Please give the whole listing again exactly, without any of its pictures.

_Dataset section_
════════════════════

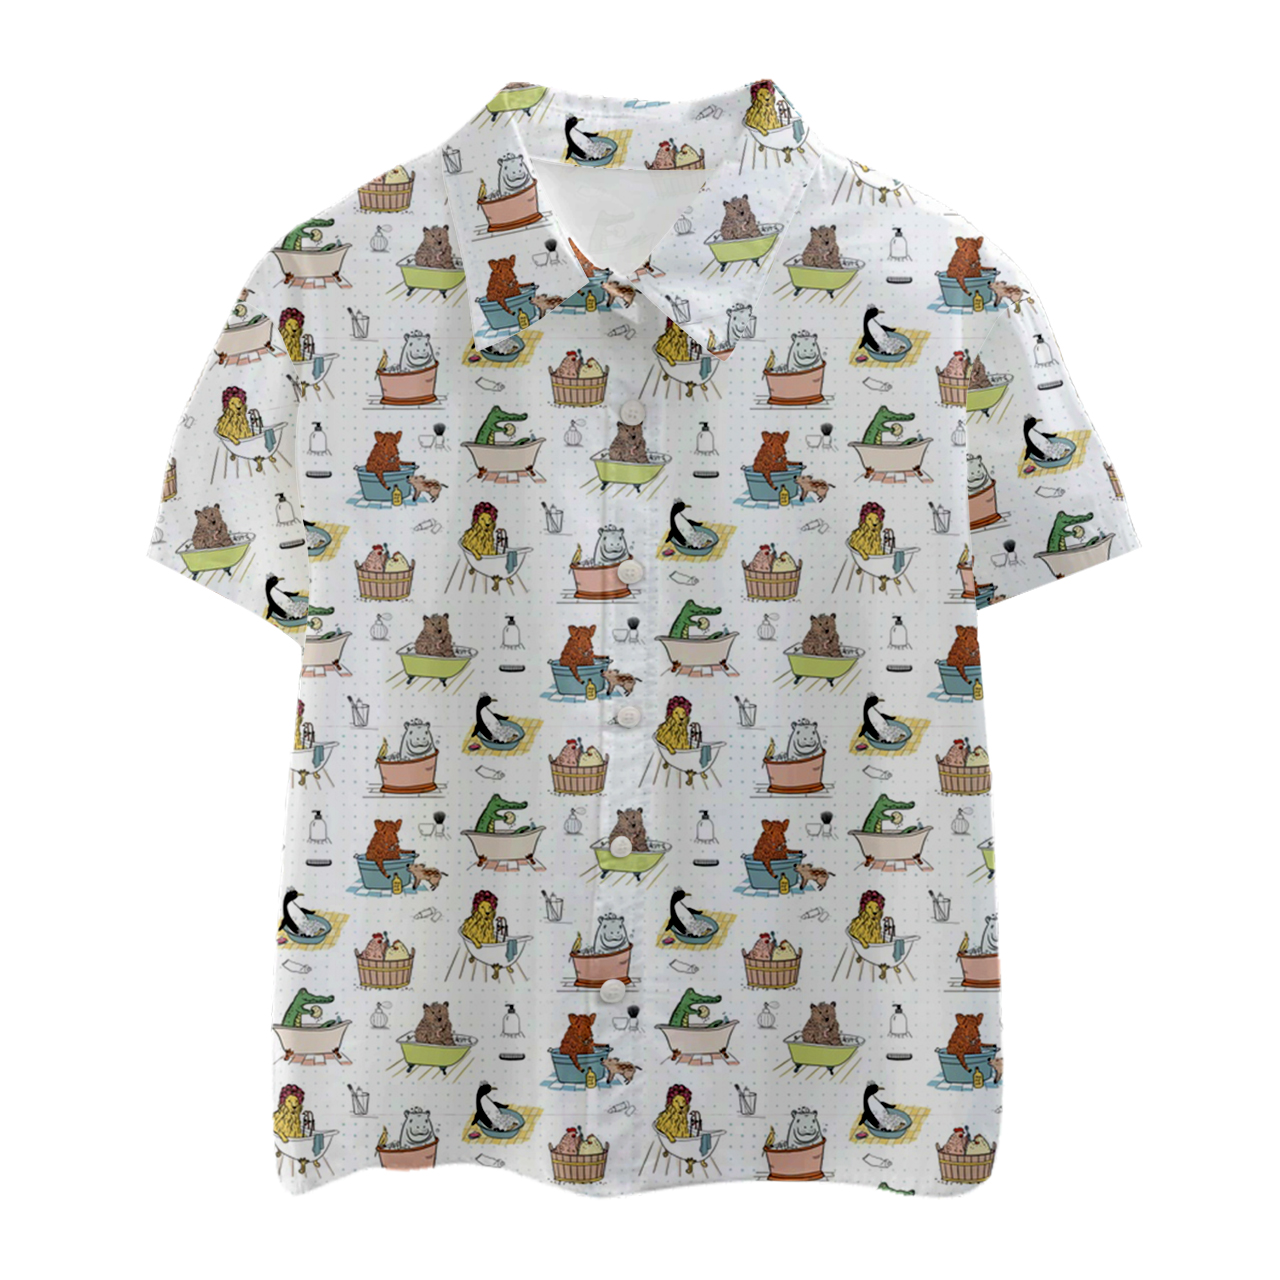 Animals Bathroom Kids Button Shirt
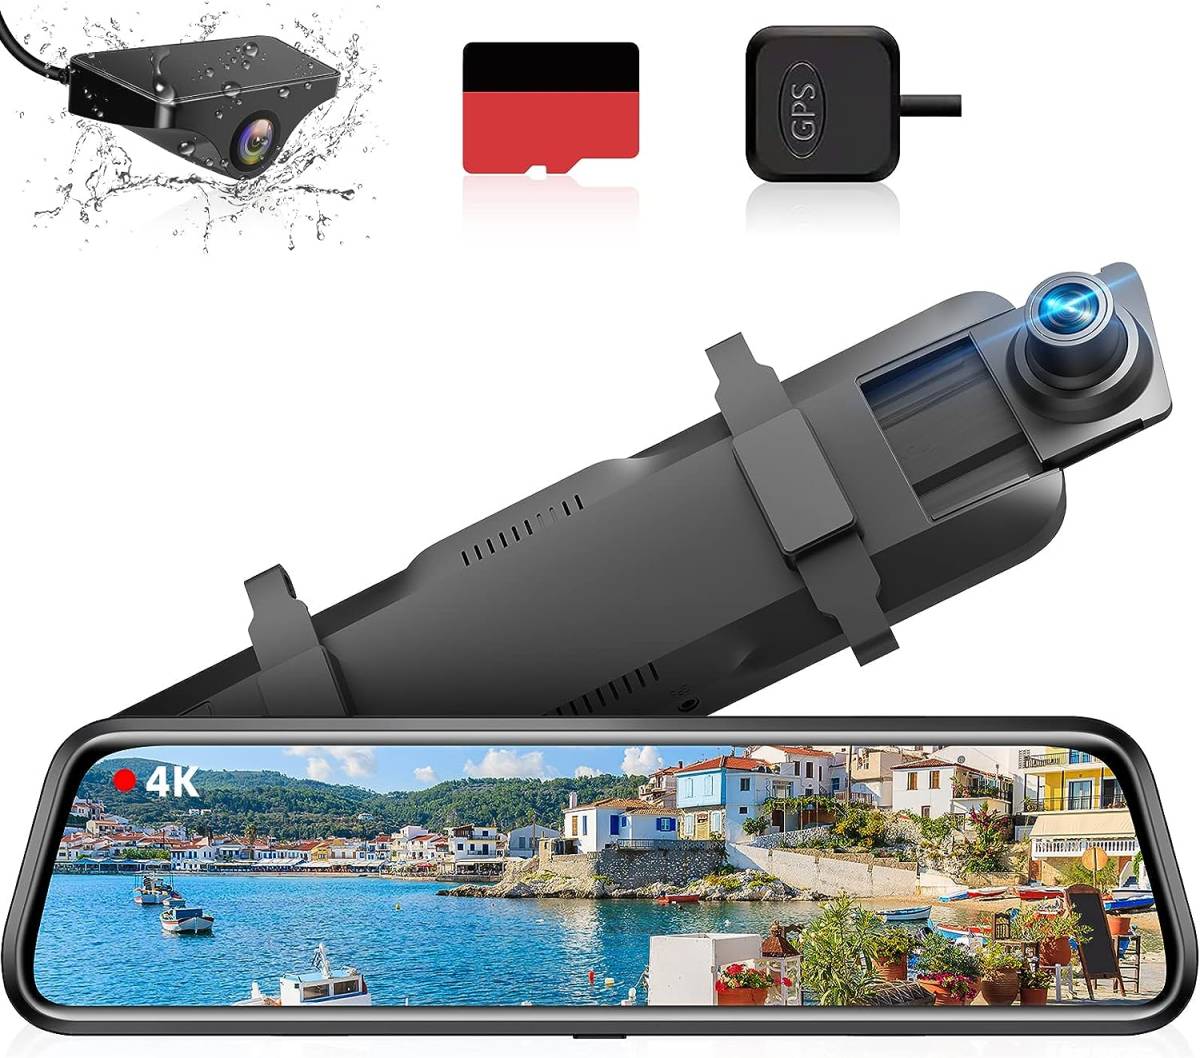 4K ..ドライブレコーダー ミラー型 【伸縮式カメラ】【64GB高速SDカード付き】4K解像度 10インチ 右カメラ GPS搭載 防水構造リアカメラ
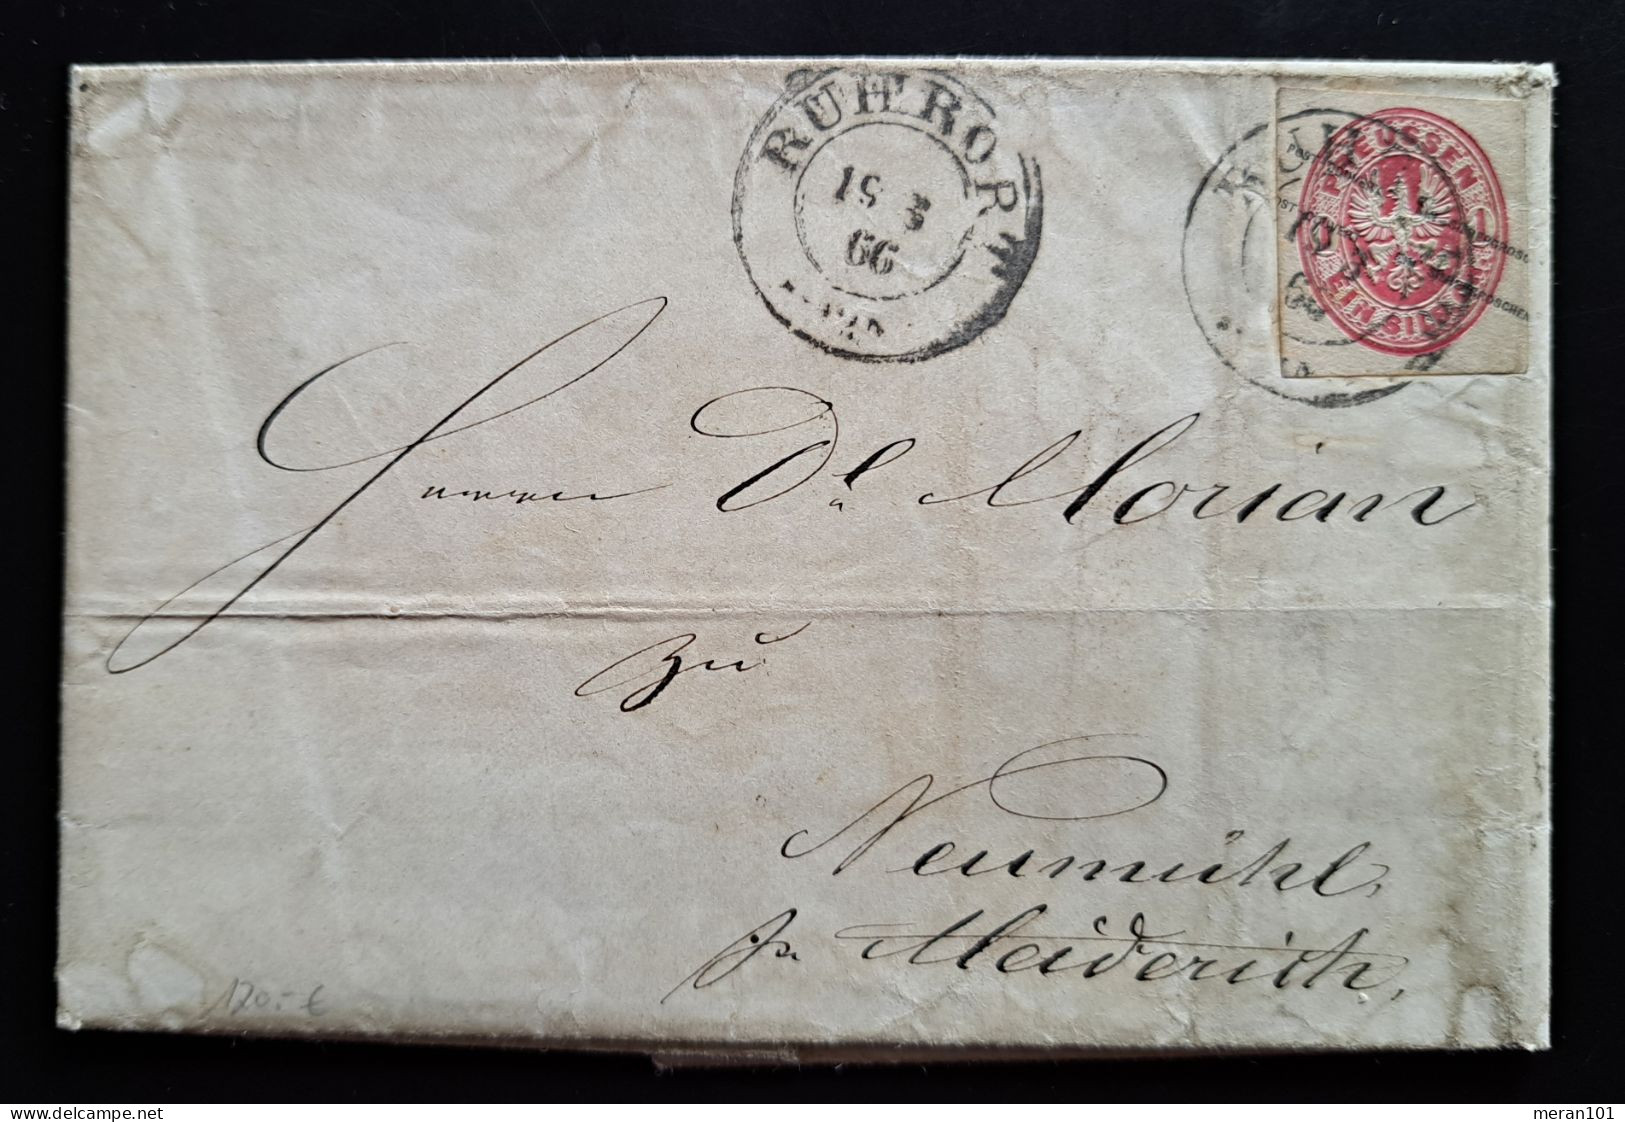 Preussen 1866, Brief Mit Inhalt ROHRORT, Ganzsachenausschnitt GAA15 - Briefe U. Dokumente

════════════════════

_Your solution_
 Animals Bathroom Kids Button Shirt
 4K ..ドライブレコーダー ミラー型 【伸縮式カメラ】【64GB高速SDカード付き】4K解像度 10インチ 右カメラ GPS搭載 防水構造リアカメラ
 Preussen 1866, Brief Mit Inhalt ROHRORT, Ganzsachenausschnitt GAA15 - Briefe U. Dokumente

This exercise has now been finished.